無機充填剤...クニミネ工業株式会社製、クニゲルVI
水分散剤....株式会社フロ-リック製、フロ-リックSF-500H
過硫酸アンモニウム...酸化剤として使用
トリエタノ-ルアミン(50%濃度水溶液)...還元剤として使用
【0099】
【0100】
表2に記載した材料の詳細は以下の通りである。
【0101】
無機充填剤...クニミネ工業株式会社製、クニゲルVI
水分散剤....株式会社フロ-リック製、フロ-リックSF-500H
過硫酸アンモニウム...酸化剤として使用
トリエタノ-ルアミン(50%濃度水溶液)...還元剤として使用
注:*印(比較例12)―普通ポルトランドセメント使用
【0102】
【0103】
表3に記載した材料の詳細は以下の通りである。
【0104】
無機充填剤...J-POWERジェネレ-ションサ-ビス株式会社製ジェイパウダ-(フライアッシュII種)
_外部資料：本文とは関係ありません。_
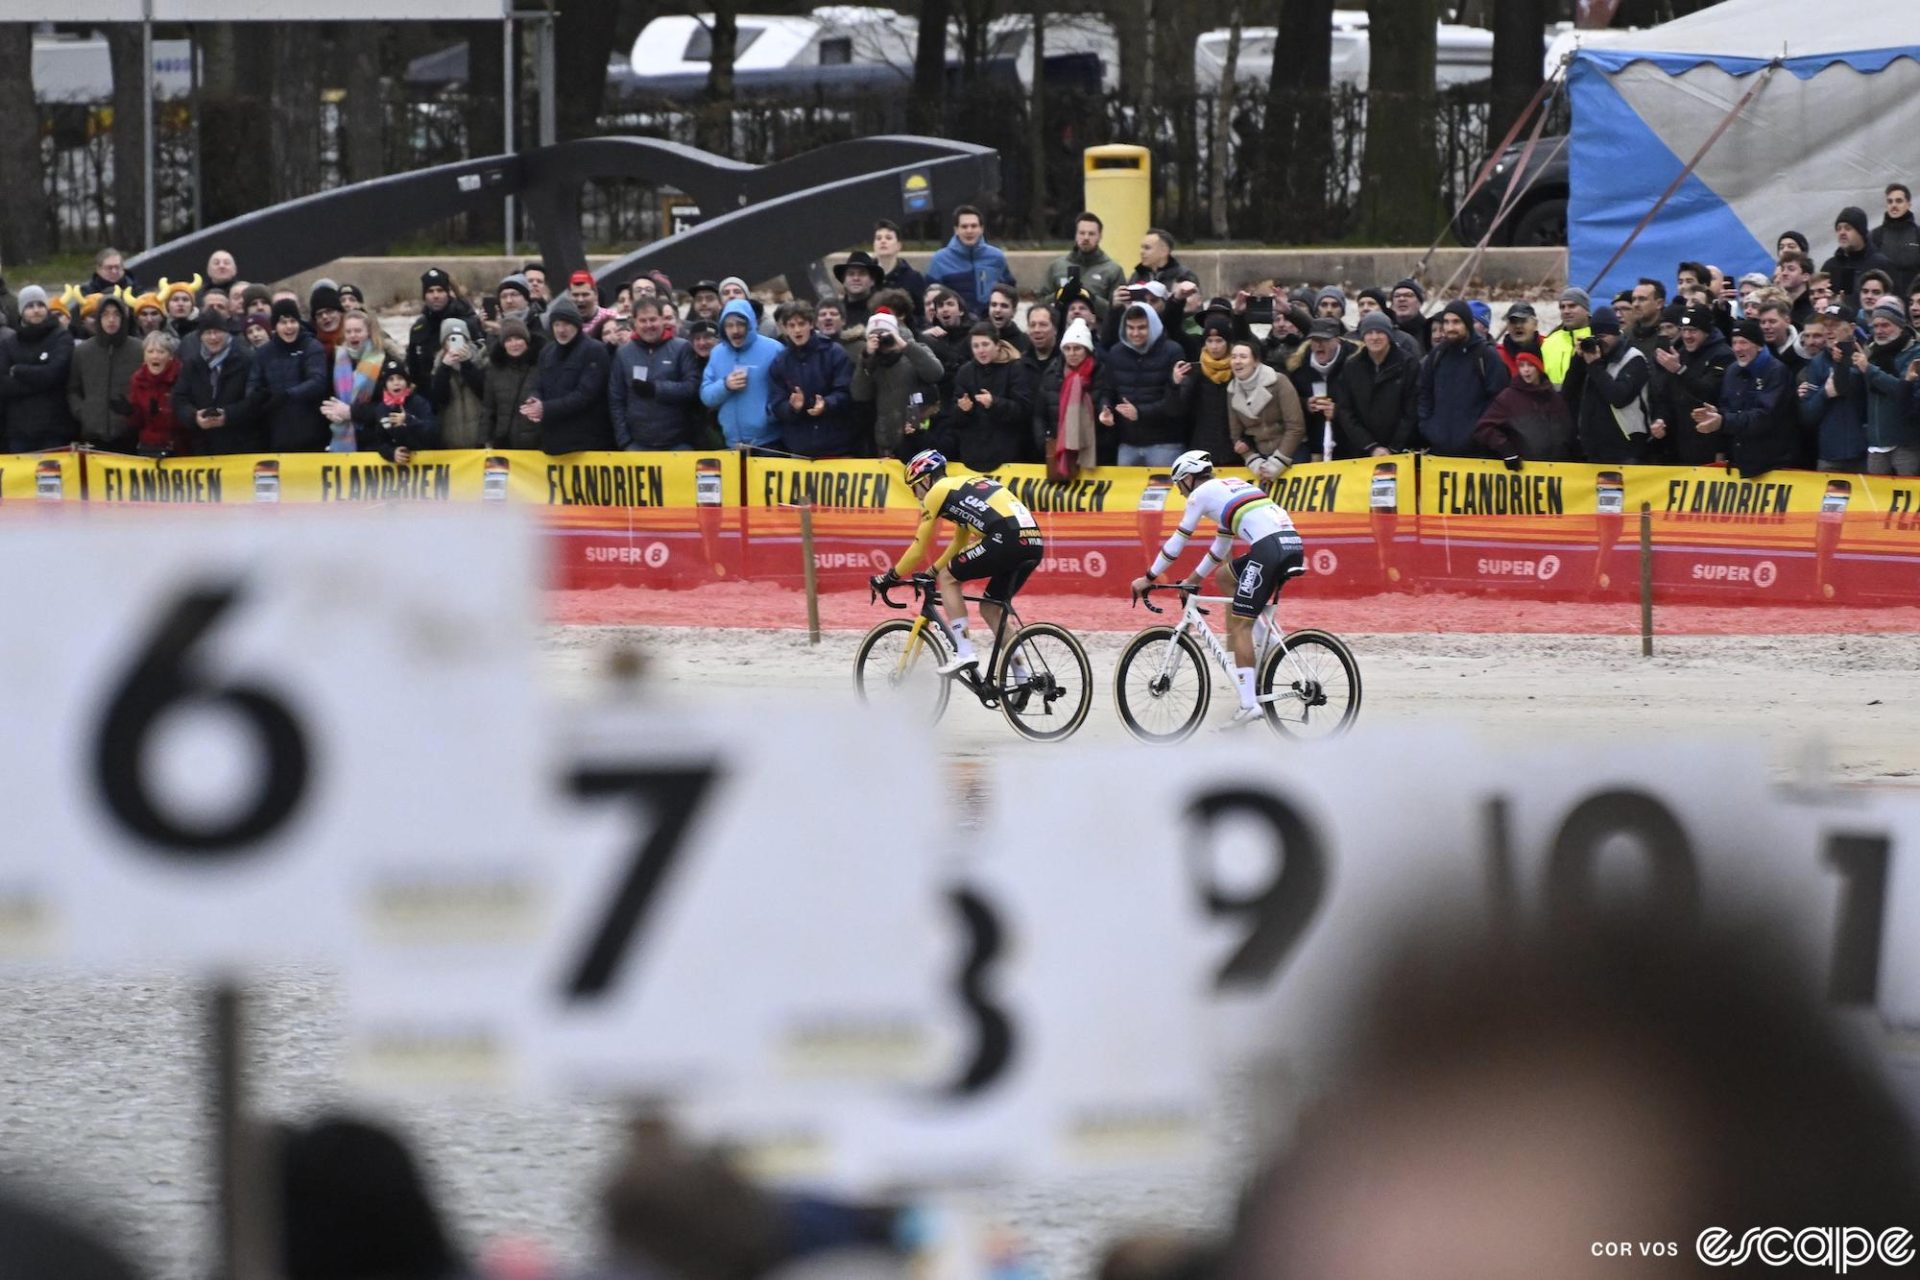 Wout van Aert leads Mathiu van der Poel in a sandy beach section at Zilvermeercross. The two are framed in front of a line of fans, looking out from the bike pit with numbered stalls.

水分散剤....株式会社フロ-リック製、フロ-リックSF-500H(ポリカルボン酸系減水剤)
過硫酸アンモニウム...酸化剤として使用
トリエタノ-ルアミン(50%濃度水溶液)...還元剤として使用
【0105】
【0106】
表4に記載した材料の詳細は以下の通りである。
【0107】
無機充填剤...竹折鉱業所製硅石粉末特粉(平均粒径24μm)
水分散剤....株式会社フロ-リック製、フロ-リックSF-500H(ポリカルボン酸系減水剤)
過硫酸アンモニウム...酸化剤として使用
トリエタノ-ルアミン(50%濃度水溶液)...還元剤として使用
【0108】
実施例、比較例により示されたとおり、本発明の止水剤組成物から得られた止水剤は、透水係数が低く、優れた止水効果を発揮する上、圧縮からの復元性および耐衝撃性に優れることから応力付加された場合にも良好に止水効果を発揮するものといえる。
【0109】
以上本発明者等によってなされた発明を実施形態に基づき具体的に説明したが、本発明は上記実施形態に限定されるものではなく、その要旨を逸脱しない範囲で種々変更可能であることはいうまでもない。